I knew that was the worse option. Use the one that traps them in an infinite maze.
And once again a WebApplicationFirewall(WAF) was defeated and it turns out that blocklists and bot detection tools like fail2ban are the way to go…
Who could have seen this coming…
Just provide a full dump.zip plus incremental daily dumps and they won’t have to scrape ?
Isn’t that an obvious solution ? I mean, it’s public data, it’s out there, do you want it public or not ?
Do you want it only on openai and google but nowhere else ? If so then good luck with the piranhasThe Wikimedia Foundation does just that, and still, their infrastructure is under stress because of AI scrapers.
Dumps or no dumps, these AI companies don’t care.
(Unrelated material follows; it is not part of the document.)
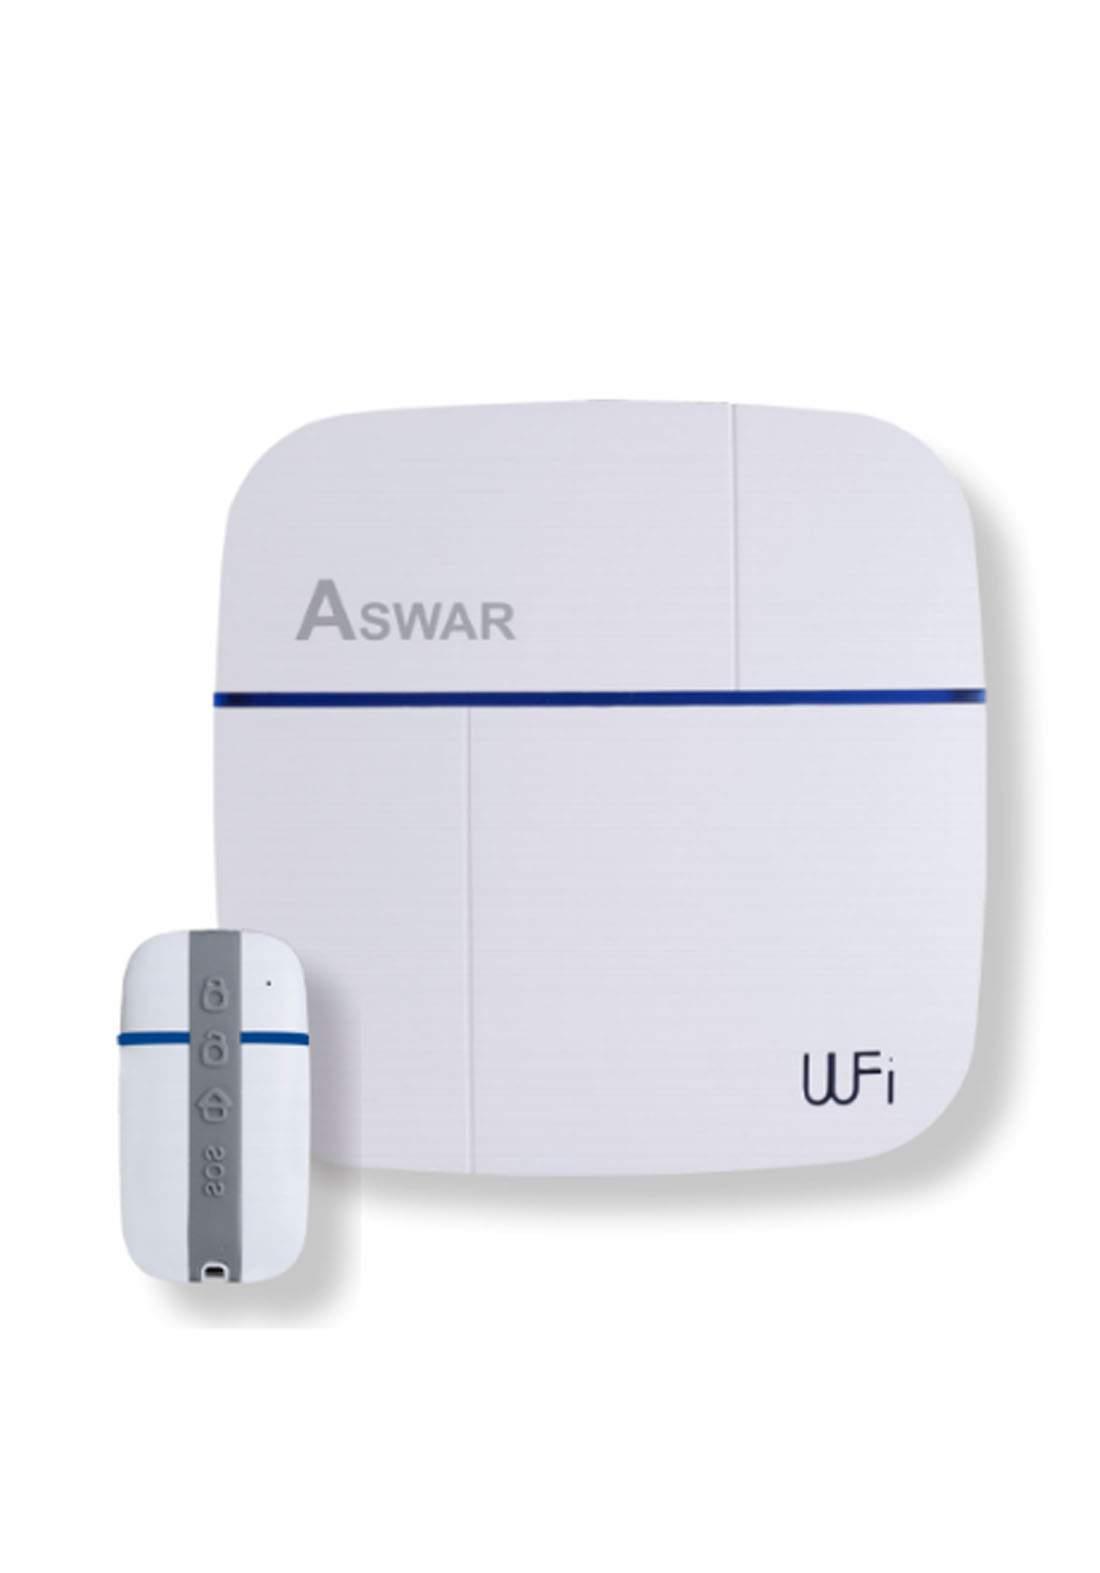 Aswar AS-HSS2-PANEL WiFi & GSM Smart Alarm Panel - White جهاز تنبيه داخلي للمنزل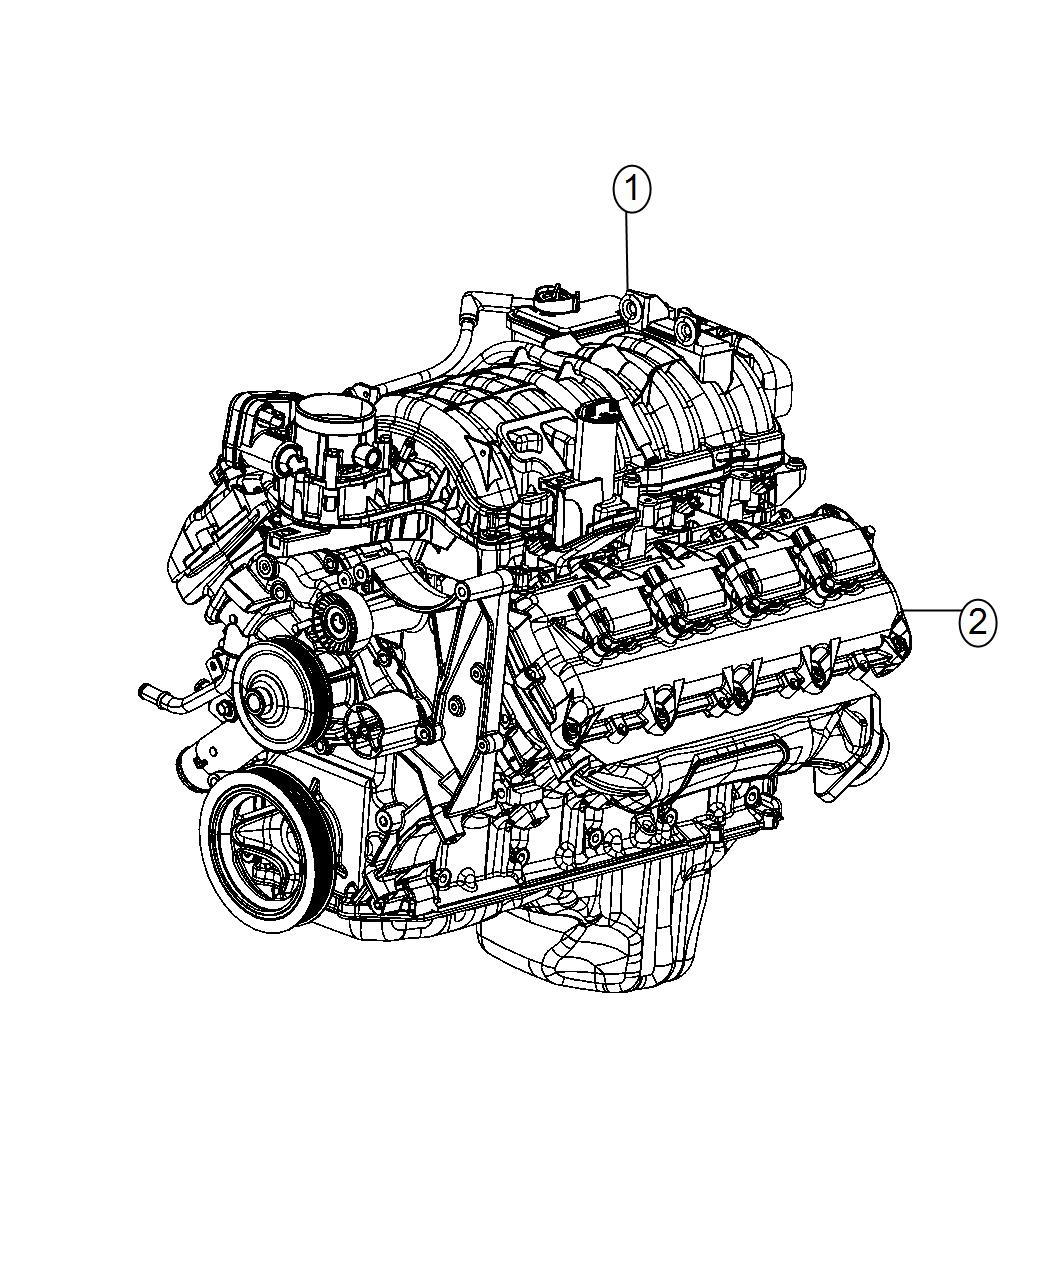 Ram Engine Complete

They feel like they’re entitled to taking or stealing what they want.
That’s crazy, it makes no sense, it takes as much bandwidth and processing power on the scraper side to process and use the data as it takes to serve it.
They also have an open API that makes scraper entirely unnecessary too.
Here are the relevant quotes from the article you posted
“Scraping has become so prominent that our outgoing bandwidth has increased by 50% in 2024.”
“At least 65% of our most expensive requests (the ones that we can’t serve from our caching servers and which are served from the main databases instead) are performed by bots.”
“Over the past year, we saw a significant increase in the amount of scraper traffic, and also of related site-stability incidents: Site Reliability Engineers have had to enforce on a case-by-case basis rate limiting or banning of crawlers repeatedly to protect our infrastructure.”
And it’s wikipedia ! The entire data set is trained INTO the models already, it’s not like encyclopedic facts change that often to begin with !
The only thing I imagine is that it is part of a larger ecosystem issue, there the rare case where a dump and API access is so rare, and so untrust worthy that the scrapers are just using scrape for everything, rather than taking the time to save bandwidth by relying on dumps.
Maybe it’s consequences from the 2023 API wars, where it was made clear that data repositories would be leveraging their place as pool of knowledge to extract rent from search and AI and places like wikipedia and other wikis and forums are getting hammered as a result of this war.
If the internet wasn’t becoming a warzone, there really wouldn’t be a need for more than one scraper to scrape a site, even if the site was hostile, like facebook, it only need to be scraped once and then the data could be shared over a torrent swarm efficiently.
I think the issue is that the scrapers are fully automatically collecting text, jumping from link to link like a search engine indexer.